Given this fact, the question arises, what would the Provincetown Players have become without Eugene O'Neill? Would they have had the same impact on the New York theatre scene without him? Would their enterprise have lasted as long as it did without a productive playwright of O'Neill's genius? The answers may be no. Only time will tell whether the only other playwright of stature to come out of the Provincetown experiment, Susan Glaspell, has been unfairly dismissed from the canon of American drama. But whatever that verdict, it is not clear that she alone would have been able to sustain the Provincetowners' dedication to a Playwright's. Theatre. The larger question, then, is whether there would ever have been a conference on the Provincetown "moment," funded by the NEH, if there had not been a Eugene O'Neill. In that context, O'Neill and his work were conspicuous by their absence. In fact, the conference almost seemed to take an anti-O'Neill turn, as if he had somehow unfairly eclipsed the intrinsic worth of all the other Provincetowners. This sense was enhanced by the appearance of Linda Ben-Zvi (Professor of English, Colorado State University) as a co-moderator (with Jackson Bryer, Professor of English, University of Maryland, College Park) of the one post-performance discussion. Ben-Zvi, a well-known champion of Glaspell's reputation, seemed to feel obliged to denigrate O'Neill's early work in order to enhance Glaspell's stature--an unfortunate and unnecessary turn of events. C. W. E. Bigsby (University of East Anglia) made clear once again why he is one of the foremost commentators on modern American drama. His after-dinner paper on Glaspell centered on a superb "feminist" reading of "Trifles." The only program devoted specifically to O'Neill was a presentation, following the closing brunch, by Barbara Gelb, who presented a well-told story of O'Neill's life before coming to Provincetown. However, since she did not attend the entire conference, she was unable to bring the several days' activities to a closing summation. Consequently, the conference, instead of ending with a sense of finality, congealed to a close, rather like the hollandaise sauce on the eggs Benedict.

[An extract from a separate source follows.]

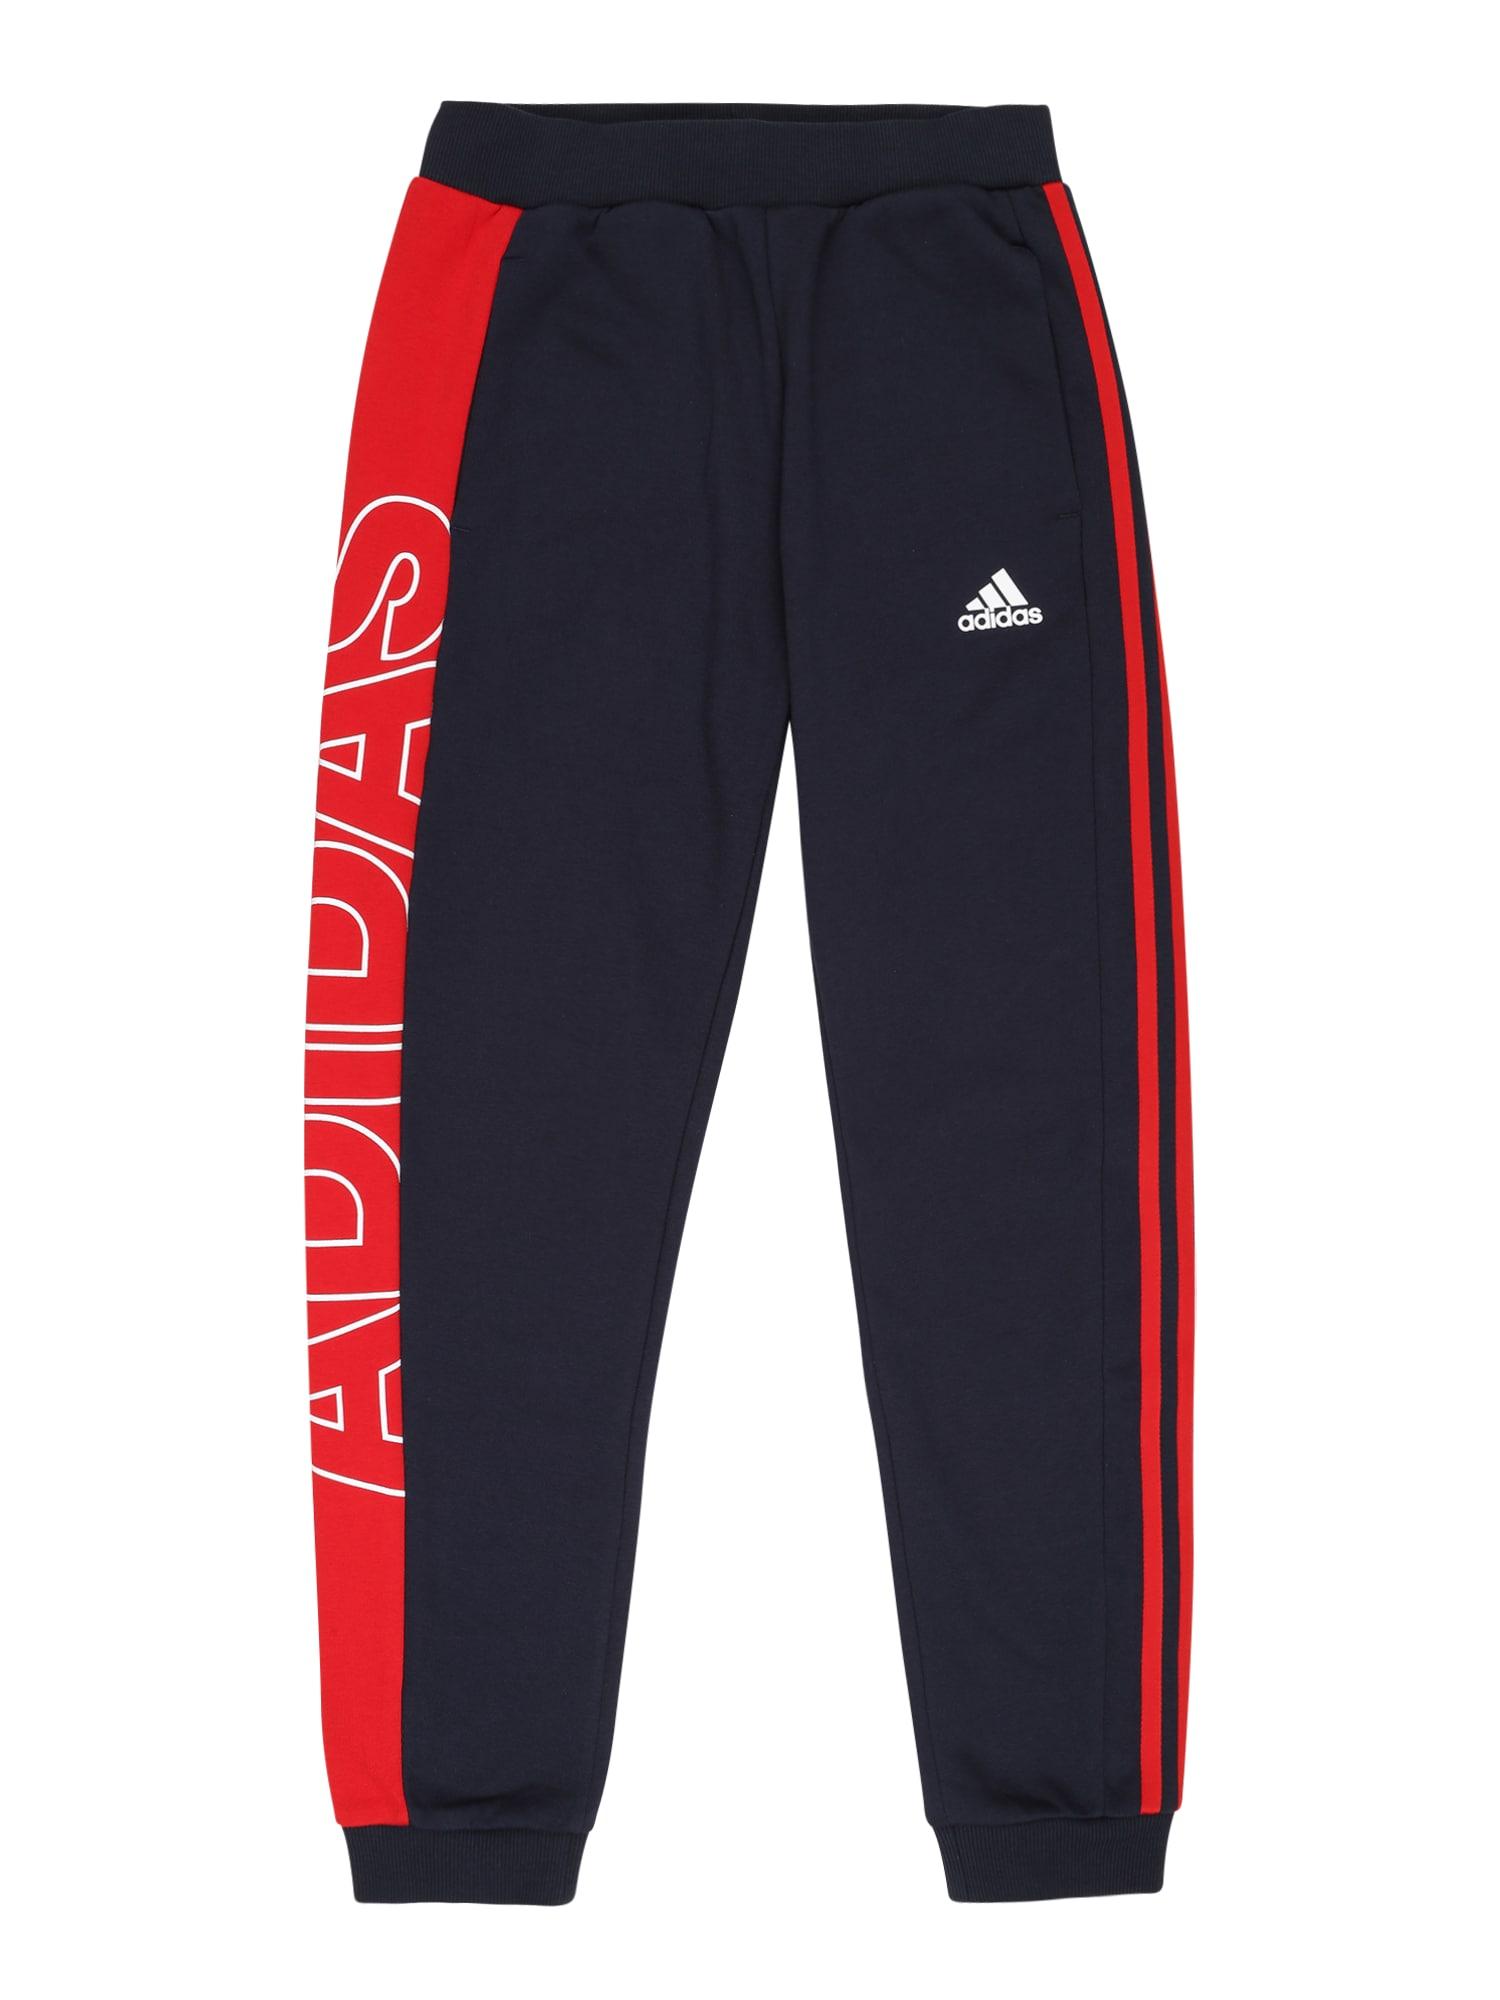 ADIDAS PERFORMANCE Sportovní kalhoty  námořnická modř / červená / bílá
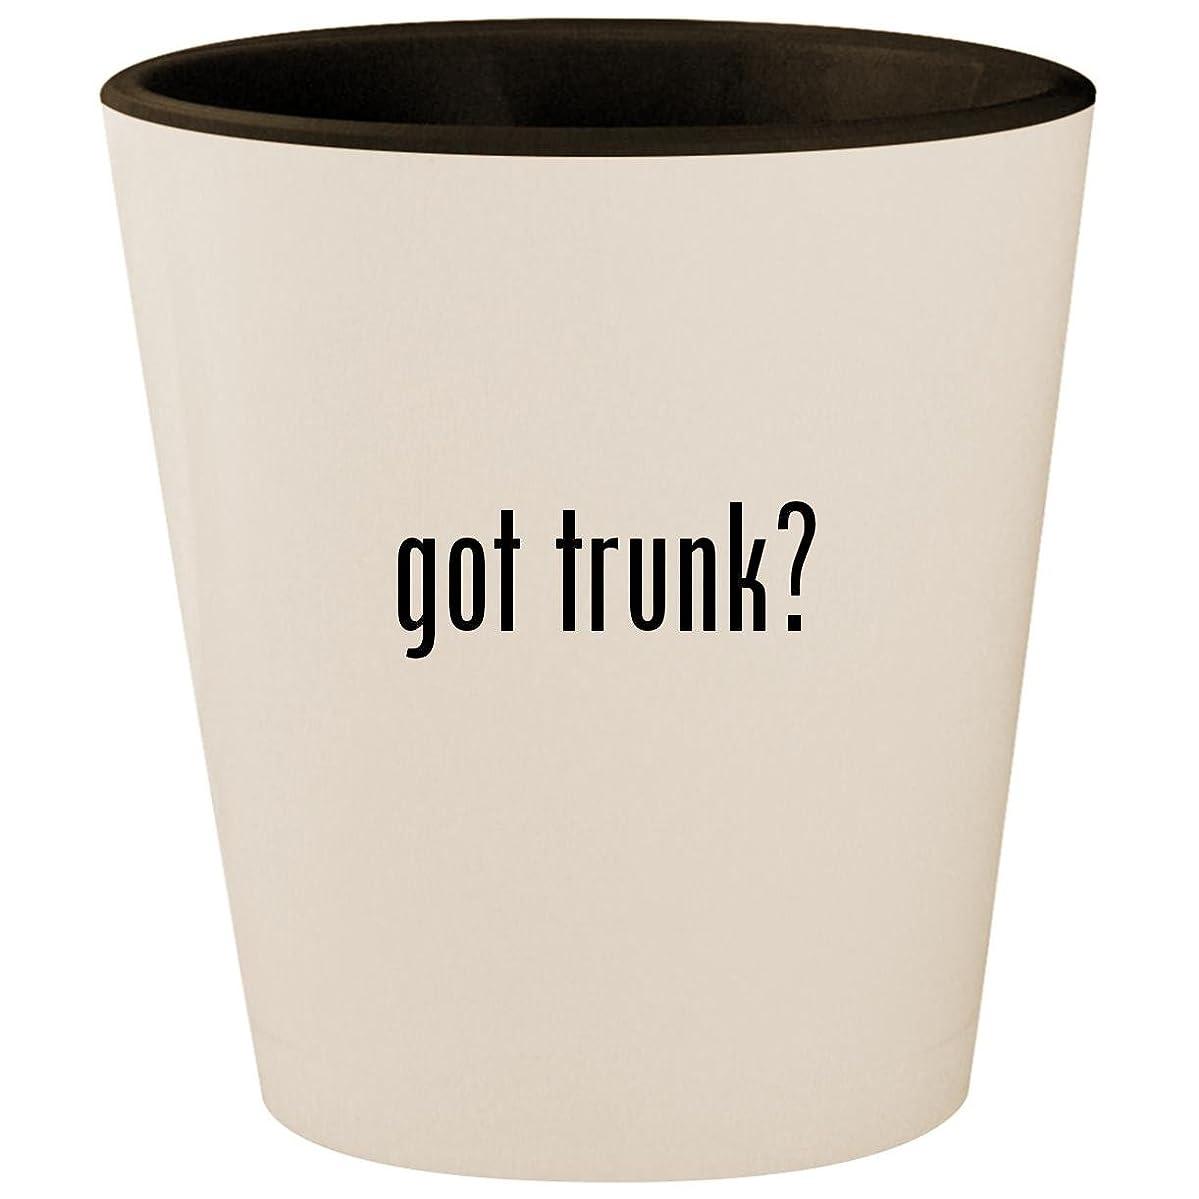 got trunk? - White Outer & Black Inner Ceramic 1.5oz Shot Glass

For the student of O'Neill, then, the chief value of the Provincetown conference was the opportunity to "experience" the context in which "Bound East for Cardiff" first appeared and to learn about the wider cultural context out of which O'Neill's first plays emerged. For those who were unable to attend and who wish to have a good introduction to the cultural history of the era, two of the four prepared bibliographies for the panels recommended an excellent study, The End of American Innocence: The First Years of Our Own Time, 1912-1917, by Henry F. May (New York: Oxford UP, 1959). On the other hand, the opportunity to witness the four plays on two consecutive nights in a makeshift theatre in Provincetown, Massachusetts, may never again present itself. That experience was priceless, and justified the entire conference for this O'Neillian.